BISHKEK -- Tensions escalated along a disputed segment of the Kyrgyz-Tajik border as Bishkek said on June 4 that Tajik military personnel had placed a container overnight on what Kyrgyz officials called "a disputed area" along the border between the two Central Asian nations.
The Kyrgyz State Committee for National Security (UKMK) said in a statement that the Tajik side, "violating all agreements reached by the two sides' government delegations on the issues of the Kyrgyz-Tajik border delimitation and demarcation," placed a container on an unmarked segment of the border in the Chon-Alai district of the Osh region at around 3 a.m. on June 4 , entering 1,000 meters inside Kyrgyz territory.
The UKMK's statement said the Tajik side left the container on the disputed part of the border and by 6 a.m. had withdrawn its military personnel from the site 600 meters back toward Tajik territory.
The Tajik border guards' press service rejected the Kyrgyz statement, saying that its unit had moved to a border area that had been agreed with the Kyrgyz side as Tajikistan's territory.

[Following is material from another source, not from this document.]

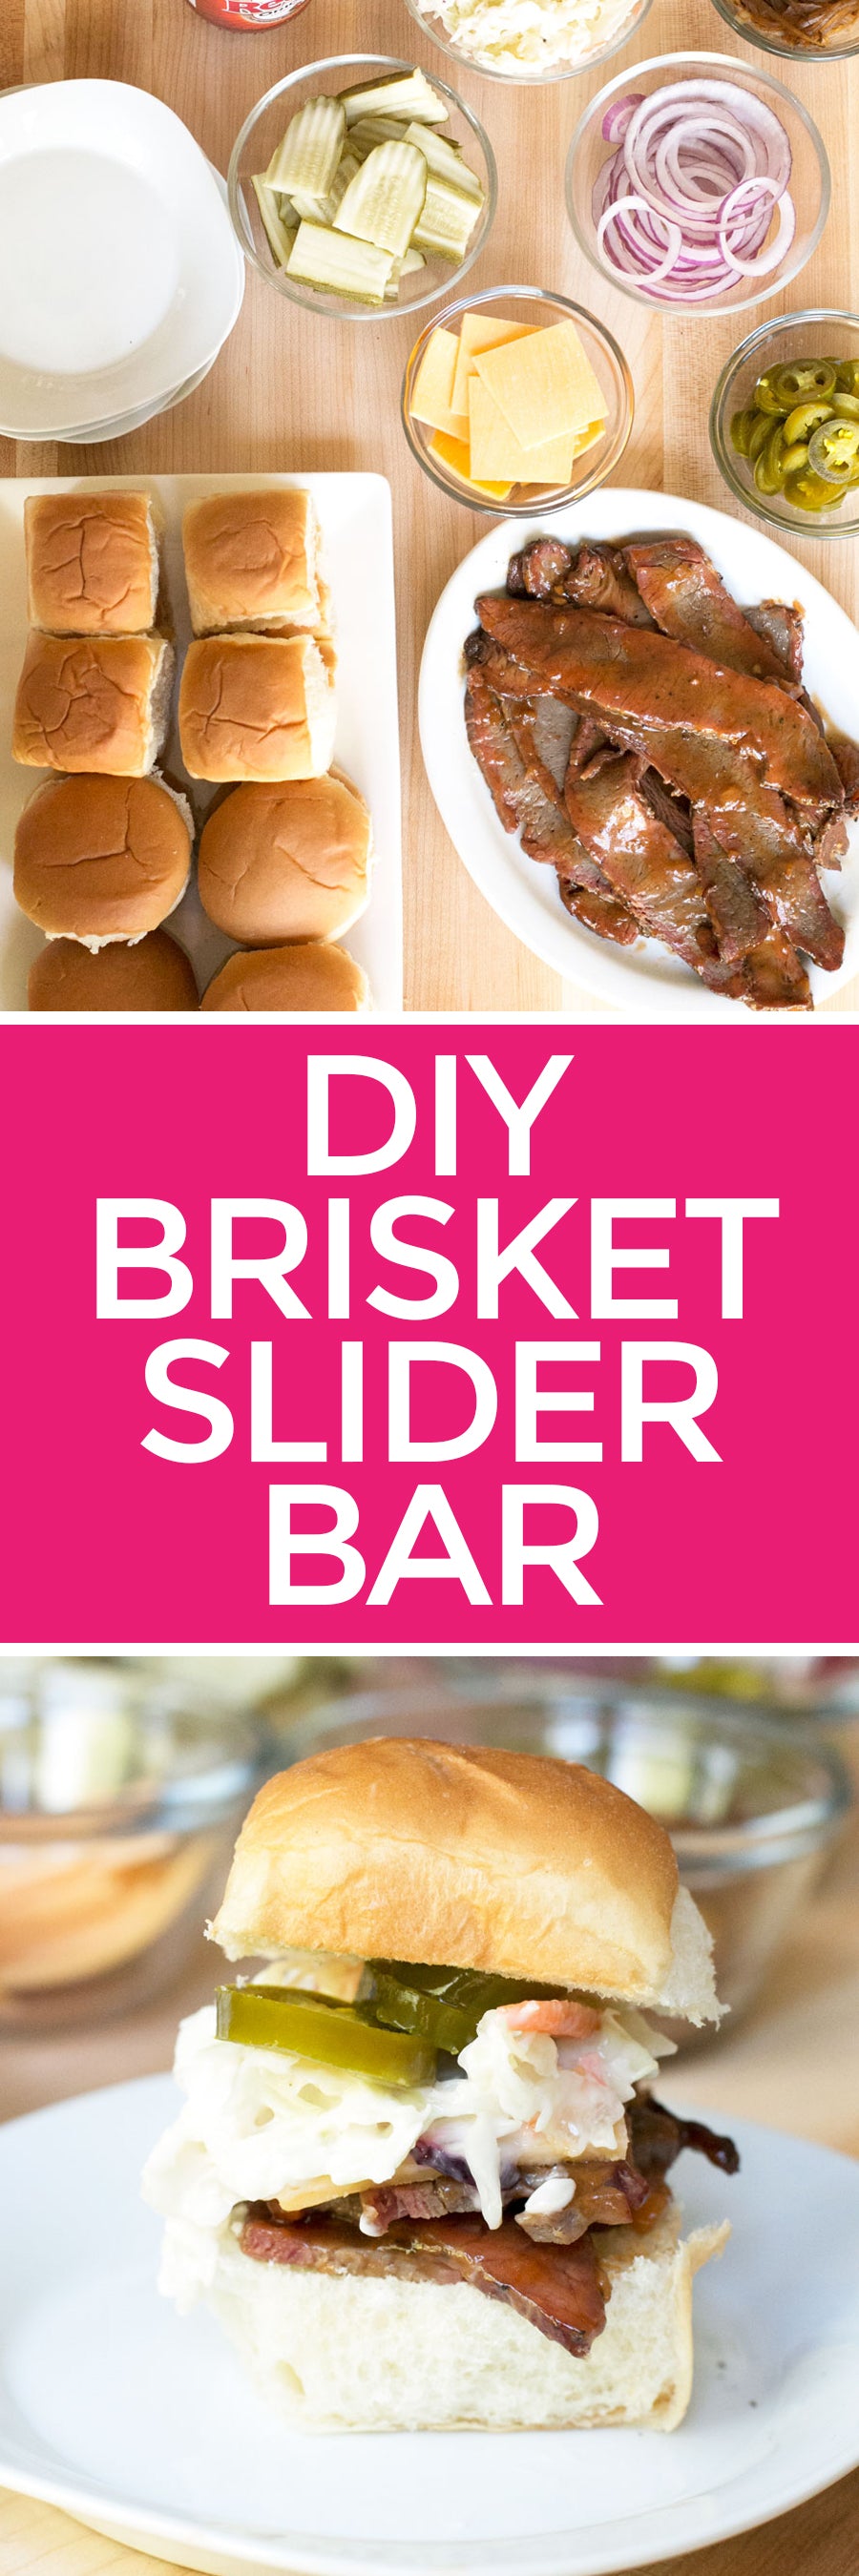 DIY Brisket Slider Bar | pigofthemonth.com #BBQ #barbecue #sliders
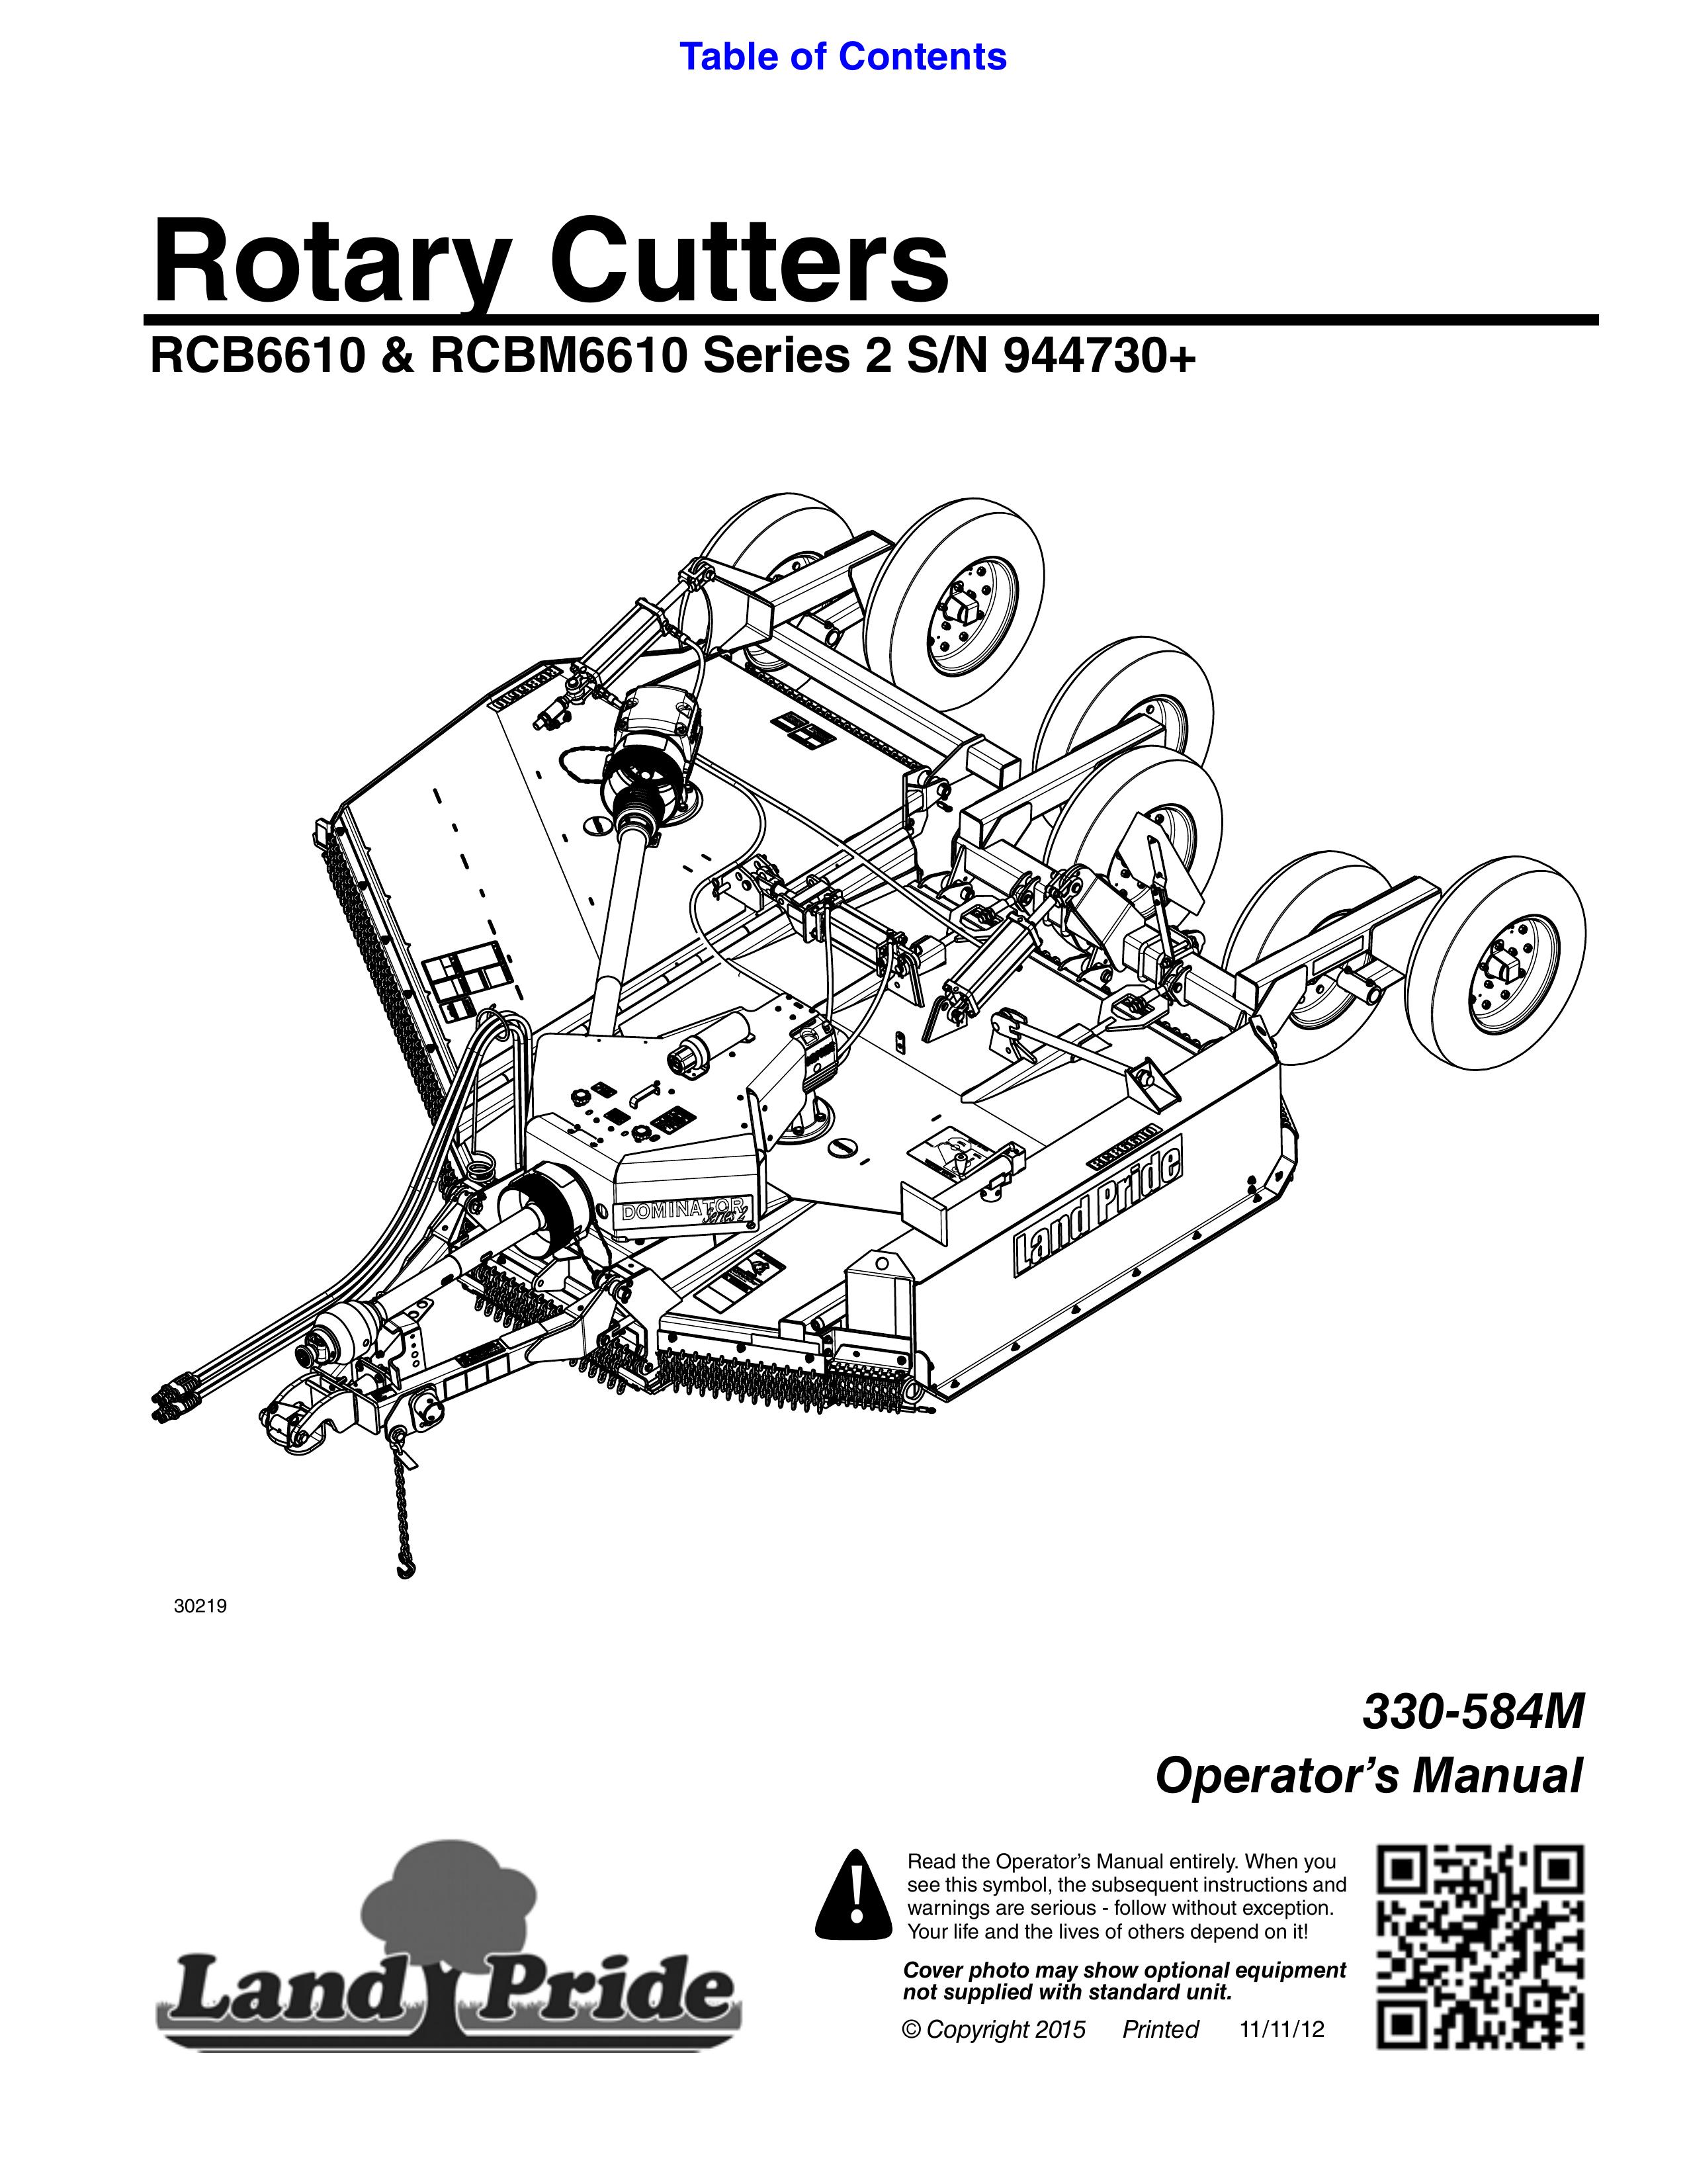 Land Pride RCBM6610 Brush Cutter User Manual

"In accordance with the agreements reached by the inter-governmental commission, several sites along the border had been defined. At this point, a border guard unit of the State Committee for National Security of Tajikistan is providing defense along the agreed line of the Tajik-Kyrgyz border," the Tajik statement said.
Meanwhile, the UKMK described the situation in the area as "tense."
In late April, clashes that involved military personnel along another disputed segment of the Kyrgyz-Tajik border left dozens of people dead on both sides.
SEE ALSO: Kyrgyzstan, Tajikistan Withdraw Military Units From Border After Deadly Armed ClashesMany border areas in Central Asia have been disputed since the Soviet Union's collapse in 1991.
The situation is particularly complicated near the numerous exclaves in the volatile Ferghana Valley, where the borders of Kyrgyzstan, Tajikistan, and Uzbekistan meet.
In recent decades, there have been many incidents along the border, which in some cases involved gunfire.